In animal models, Bleomycin hydrochloride is used to construct pulmonary fibrosis models, demonstrating its capability to cause significant lung damage and fibrosis. Administered intratracheally at doses ranging from 3.5 to 4.0 mg/kg, it leads to a decrease in body weight by day 4, followed by a recovery in weight from day 7 onwards. This treatment also significantly increases lung hydroxyproline levels and the mass of the right caudal lung lobe, indicative of fibrosis^[3].

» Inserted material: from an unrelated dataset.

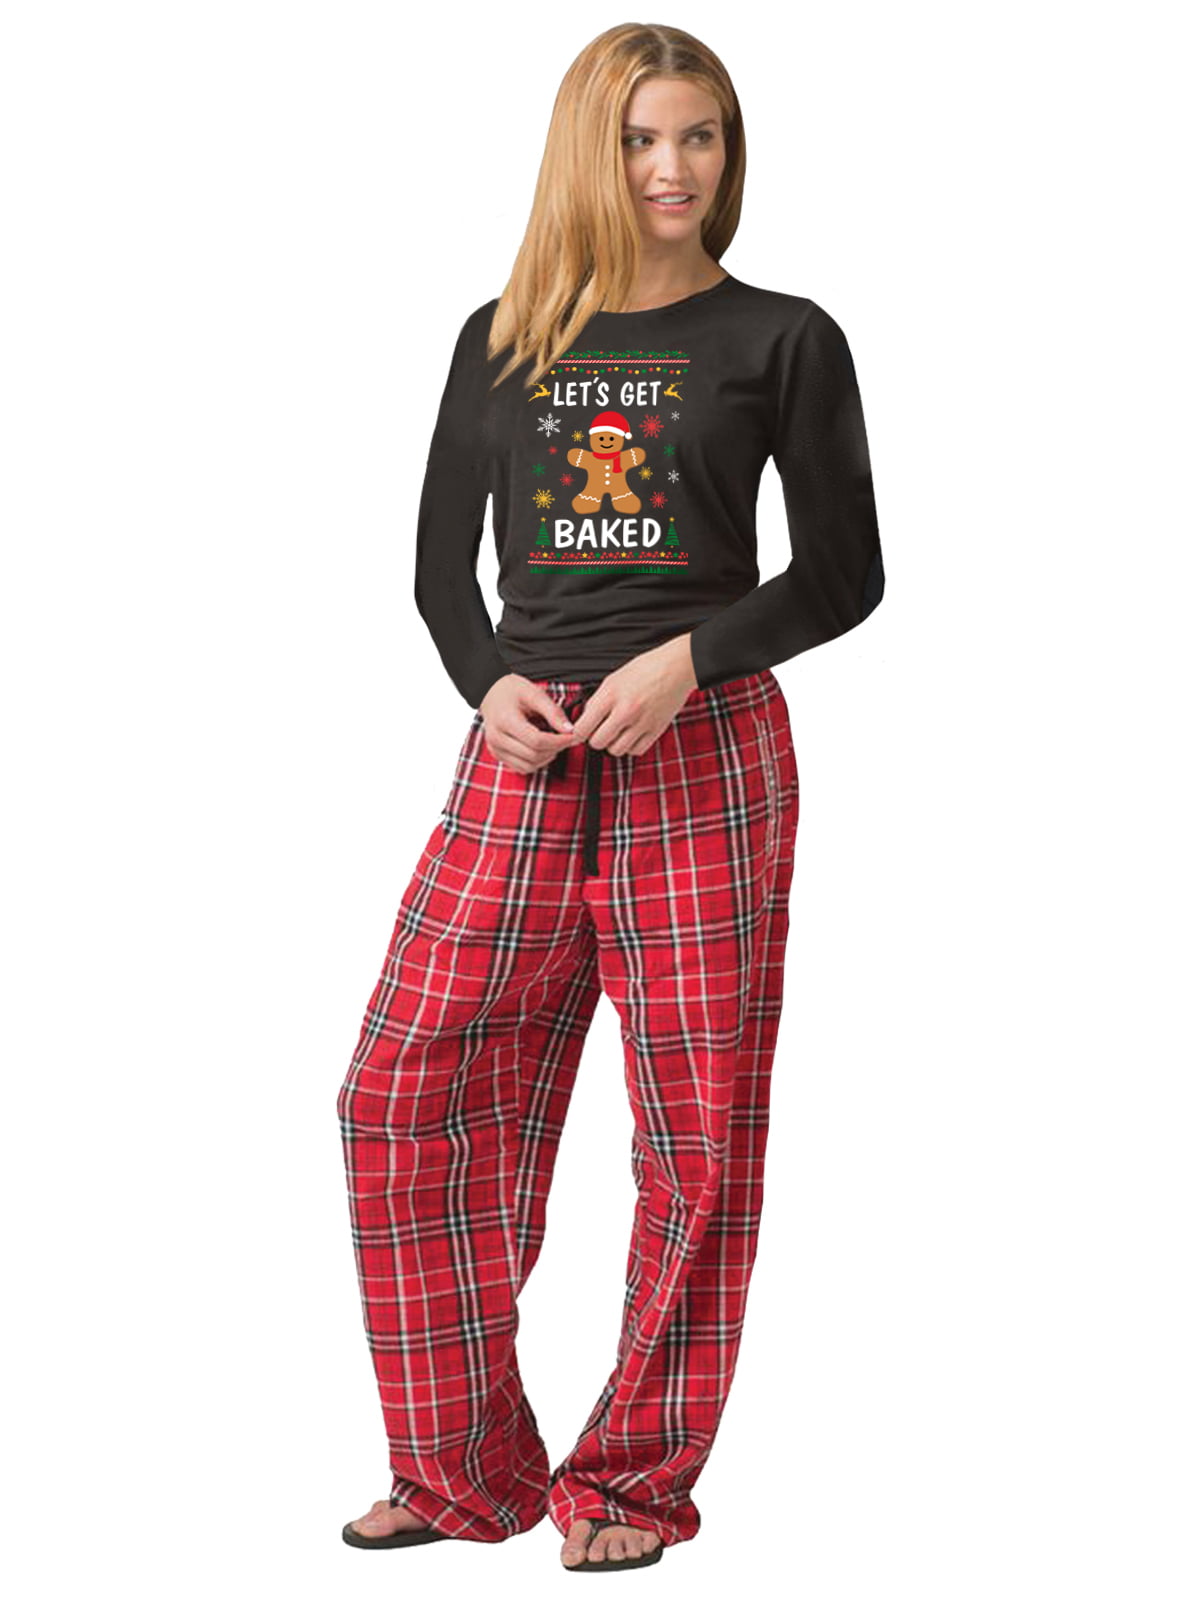 Tacos.Jpg CafePress Funny Adult One-Piece PJ Sleepwear Creme Novelty Footed Pajamas

Additionally, intratracheal instillation of Bleomycin at 5.0 mg/kg/day in male BALB/c mice induces pulmonary fibrosis, elevating the expression levels of α-SMA and collagen I, markers of fibrotic response^[4].

A similar fibrotic response is observed in male C57BL/6 mice with a dose of 2.5 mg/kg, further validating its utility in modeling pulmonary fibrosis^[5].

Bleomycin hydrochloride's mechanism of action includes the induction of single and double-strand breaks as well as apurinic/apyrimidinic sites within DNA, making it a potent genotoxic compound. Its effects are comparable to those of ionizing radiation, making it a radiomimetic compound. It has been extensively studied for its ability to induce micronuclei in human lymphocytes, a marker of genotoxic stress^[1].

In terms of its efficacy against cancer cell lines, Bleomycin hydrochloride exhibits a relatively low IC50 value of 4.0±1.3 nM against the UT-SCC-19A cell line, demonstrating its potent cytotoxic effect. In contrast, the UT-SCC-12A and UT-SCC-12B cell lines show higher resistance to Bleomycin, with IC50 values of 14.2±2.8 nM and 13.0±1.1 nM, respectively^[2].